Undersea data – the evidence of the snoop ?

It’s been a while since I put out a blog, but this caught my eye.

This [LINK] interactive graphic shows the undersea cable maps of the world. It’s a really good graphic and is very useful in giving us some intelligence. We’ve seen other graphics of the undersea cable maps [LINK] but this new interactive one can show the cable routes per year.

So how come this important ?

Well, if we look at the Snowden leak info of the NSA PowerPoint screenshots, we can see that most of the dates quoted on these documents are from 2004 onwards. [LINK]

If we also add this intelligence with the time to lay a cable – which is around 100-150km per day [LINK] we can start making projections backwards as to which cables are being used for which projects and where the boosts in investment may have come from. If you fancy having a go and putting projects to cables, feel free to get in touch and I’ll add an update to this blog.

More info about undersea cables [LINK]

 

@SPCoulson

Digital Freedom – the manifesto is launched

Mikko Hypponen and David Hasselhoff have appeared on stage at re:publica 14 and launched the new Digital Freedom manifesto.

The manifesto is based on 4 points :

  1. Freedom from mass surveillance (target / blanket)
  2. Freedom from digital persecution (privacy in the future)
  3. Freedom from digital colonisation
  4. Freedom of digital access, movement and speech

 

I watched the keynote with interest and have the following thoughts :

Freedom from mass surveillance (target / blanket)

I appreciate that there is a time and place for surveillance. CCTV watches our every move and our internet traffic is scanned for key words. To remove this I believe would be a mistake – but instead, they should be more transparent instead. Go ahead, watch me and scan me … but only if you do something useful with this data to keep me safer. Sure I have secrets and sure, I am aware of what I post … but can you imagine a world where facial recognition does not pick up the criminals ? I think that there is a specific use case for mass surveillance, but it is currently not being handled well and certainly not following the same standard of disclosure globally.

Freedom from digital persecution (privacy in the future)

This I understand and totally support. Right now, May 2014, it is OK to have certain views, prejudices etc, but in 2020, will those standards still hold. Will my old opinion still be the same ? I once thought I was going to be an electrical engineer – that didn’t work out, so why should the opinions I have still hold ANY weight in the future ? We need to isolate a case, sure, look back in history to see if it a long-held opinion, but certainly not to use it to persecute in the future.

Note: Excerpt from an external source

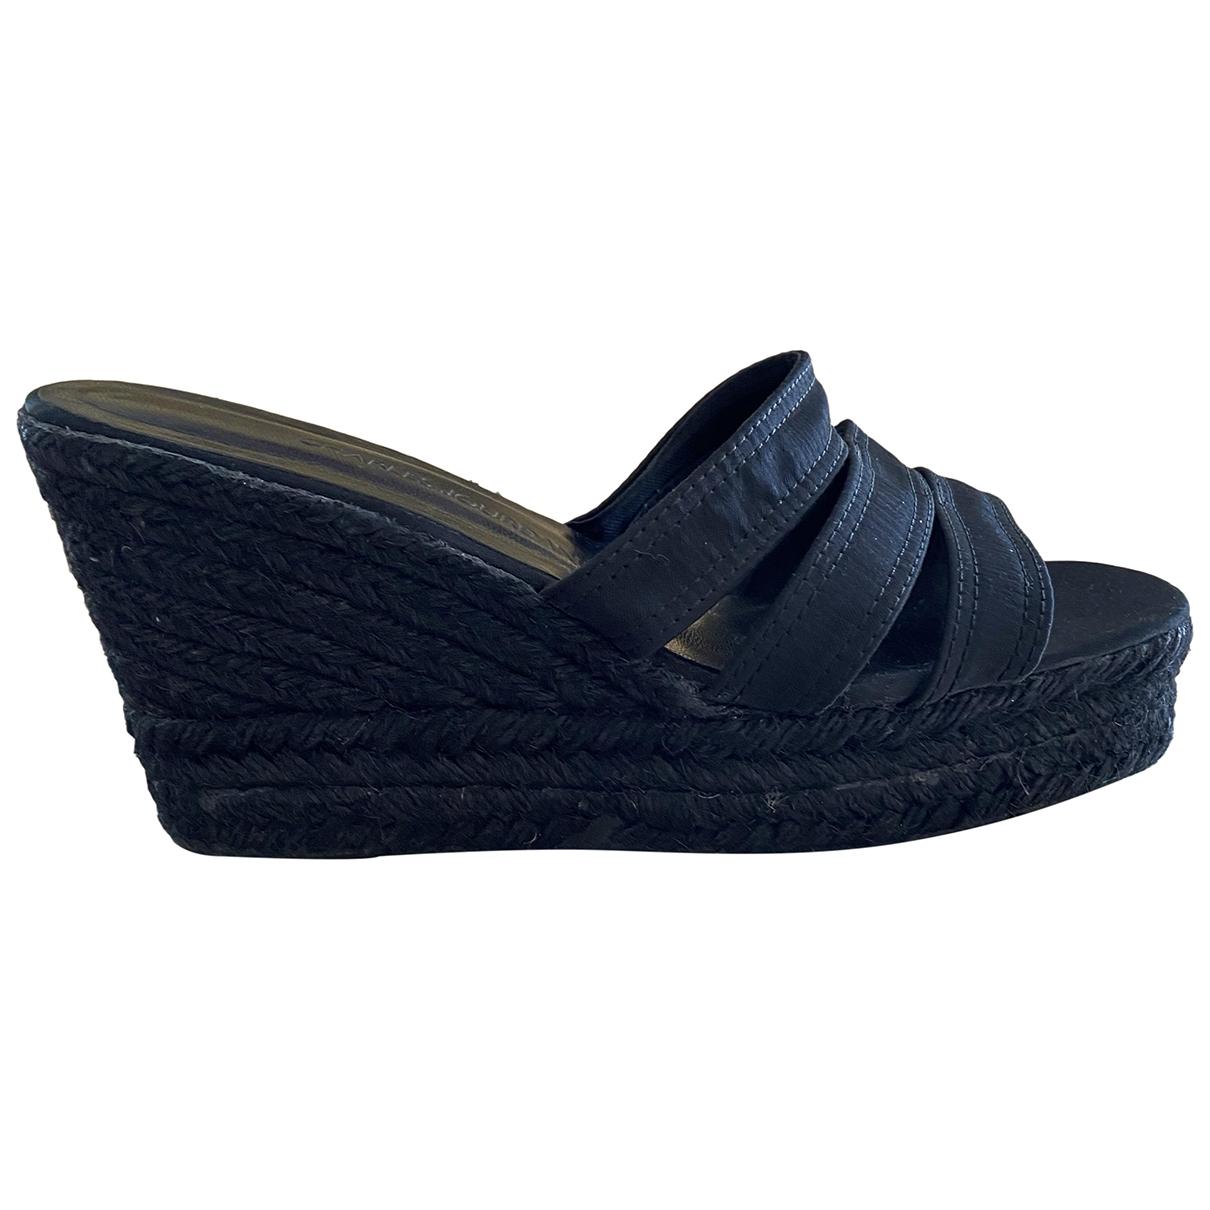 Charles Jourdan \N Black Cloth Sandals for Women 38 EU

Freedom from digital colonisation

The lines between technology and our existence are more blurred than ever. With the Internet of Things, mobile tech etc … we see more intrusion of technology into our lives. And it is just that .. an intrusion. We need to learn to adopt the divide between tech and life. Just because technology exists doesn’t mean we have to shoe-horn it into every day lives – especially if it is to the detriment of our privacy. We all need to learn to have down-days. Non-tech days … and if you don’t know the answer to a problem, instead of Googling it … use this method:

  • Brain – think about it, work out the options and the theory.
  • Book – read it in a book, they are more than paperweights !
  • Buddy – ask a friend, a colleague … the meat space !
  • Boss – ask a person in authority, your boss, a department head, a lecturer, they generally got there by knowing something !

Freedom of digital access, movement and speech

Should I be allowed to write what I want ? What about offending someone or prejudice ? Should I be restricted in what I can/can’t say ? I think this comes down to an old skill that we seem to have forgotten with the advent of technology – the art of common sense. So I would like to introduce you to Gran’s law. Think about an elderly relative (a Grand-parent for example). Now go ahead and type your real feelings about something you feel passionate about. If your Gran were to read it, would she be offended, clip you round the ear, would she be horrified about it … if the answer is yes, then it is probably best to keep it off the internet ! Common sense can save you a lot of conversations later. You should not be thinking about your intended audience but that the internet sees all.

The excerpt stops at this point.